前天離開,是為了給樊沖那些人一個警告,如今目的已達到,他又有傷在身,離隊冒險已經沒有必要,現在開始養精蓄銳,等到了太平道獵殺兇獸賺取元石才是正事。
大部隊每天行程三百里,時間自由安排,反正只要不掉隊,快慢隨便各人自愿。
數萬弟子,逶迤幾十里,有快有慢,實在混亂得很。
好在執法隊雖然只能顧及首尾,但是手段凌厲,凡是尋釁滋事的直接擊殺,無故掉隊超過預期行程一天以上的,同樣是毫不留情的當場擊殺。
因此,隊伍亂歸亂,吵架的也有,真正敢動手的并不多見。
楚越稍稍改變了形貌,不快不慢的掉在隊尾,倒也不虞有人認出他來。
每天三百里路,對楚越來說就像是游山玩水般容易,也正適合他養傷,照這個速度,不必等到太平道的時候,他的傷勢也早就痊愈了。
臨近傍晚,天空陰淅淅瀝瀝的下起了雨來。
楚越抬頭望望天色,天空烏云密布,這雨只怕一時半會兒還停不了,雨夜趕路終究有些不方便,當下往左近山崖走去,想要尋個避雨的地方。
走不多遠,果然就見一片凹進去的山崖,已經有不少人在避雨,還有人升起火堆烤肉喝酒,地方夠大,百來十人不過占據一隅而已。

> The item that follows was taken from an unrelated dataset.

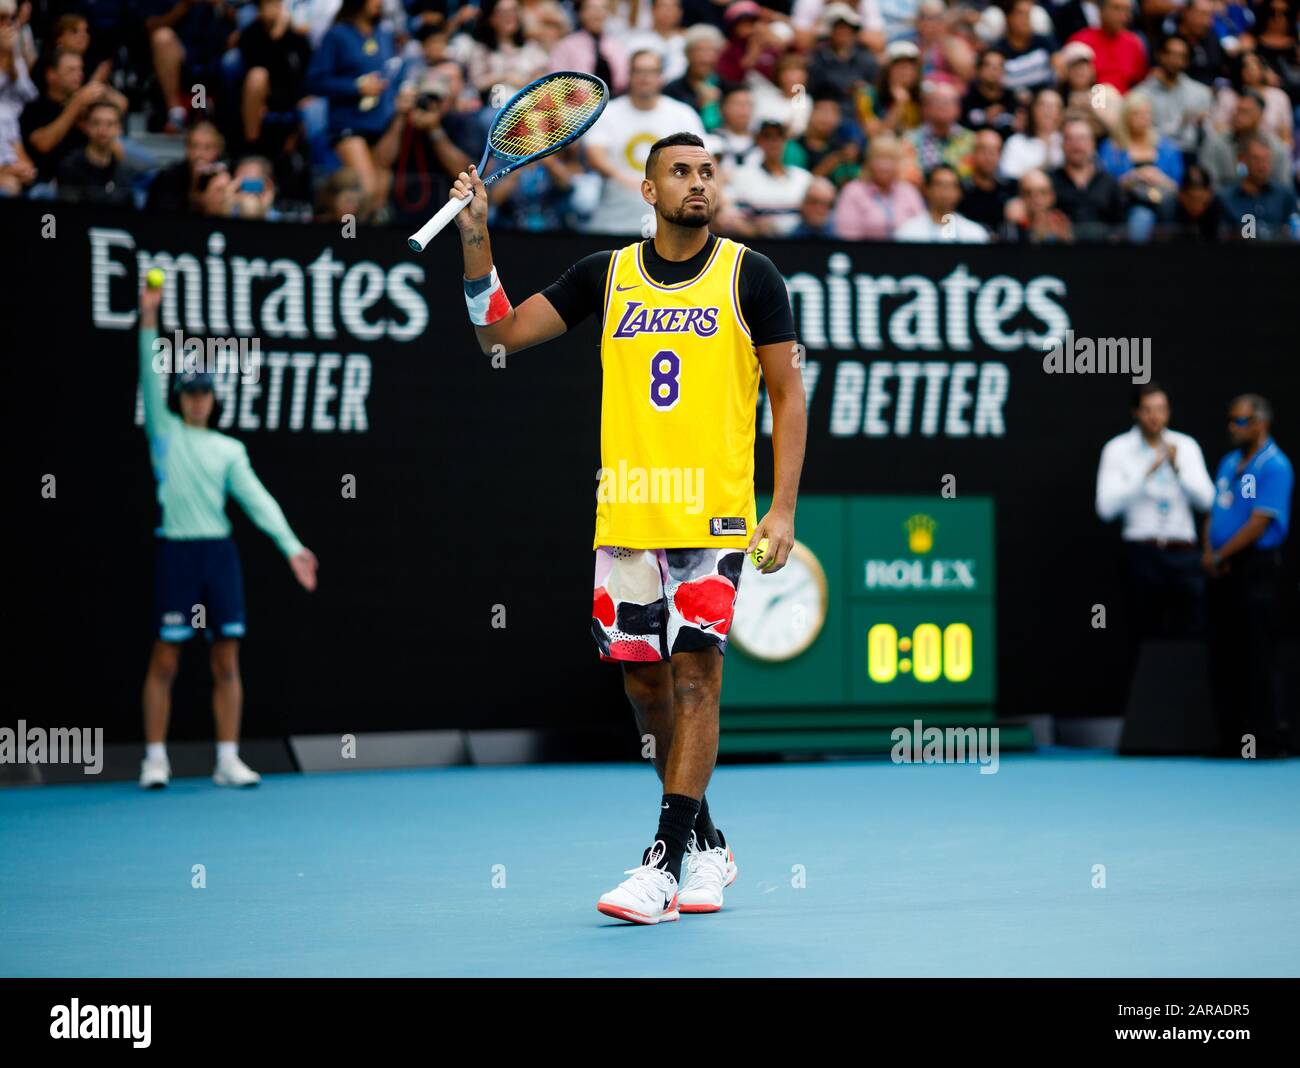 Nick Kyrgios Wore Kobe Bryant Jersey to Australian Open Match

楚越找了個無人的角落,放下包袱喝了點水,就靠著石壁閉上了眼睛。
當然,別人都只當他睡覺,誰也想不到他在運轉內息,吐納天地元氣。
這也是太虛真經的奇特之處,不必抱元守一‘以精練氣’,直接通過全身毛孔吐納天地元氣,行止坐臥無時無刻都可修煉,除非有人偷襲導致經脈岔氣,否則根本不虞會走火入魔。
雨越下越大,到山崖下面來避雨的人也越來越多。
“兄弟,不介意擠一擠吧?”
兩人的腳步聲靠近,一人很客氣的問。楚越所在的角落狹窄,而且地上崎嶇不平,這都有人看中,顯然是因為別出已經沒什么落腳的地方。
楚越只點點頭,沒有睜眼,心中卻不禁暗嘆冤家路窄,只希望這兩人別認出自己,否則的話,動手或者不可能,口舌之爭只怕免不了。
“居然是你!”
然而事與愿違,楚越念頭還未轉圓,就聽見另一人咬牙切齒的說道,聽口氣似乎恨不得咬他一口。
楚越睜眼,看著兩人笑道:“可不就是我?倒是巧得很!”
確實巧!
先前說話的正是和他在垌河邊交手三招的云水流,另一人則是差點以陣法要了他性命的李重。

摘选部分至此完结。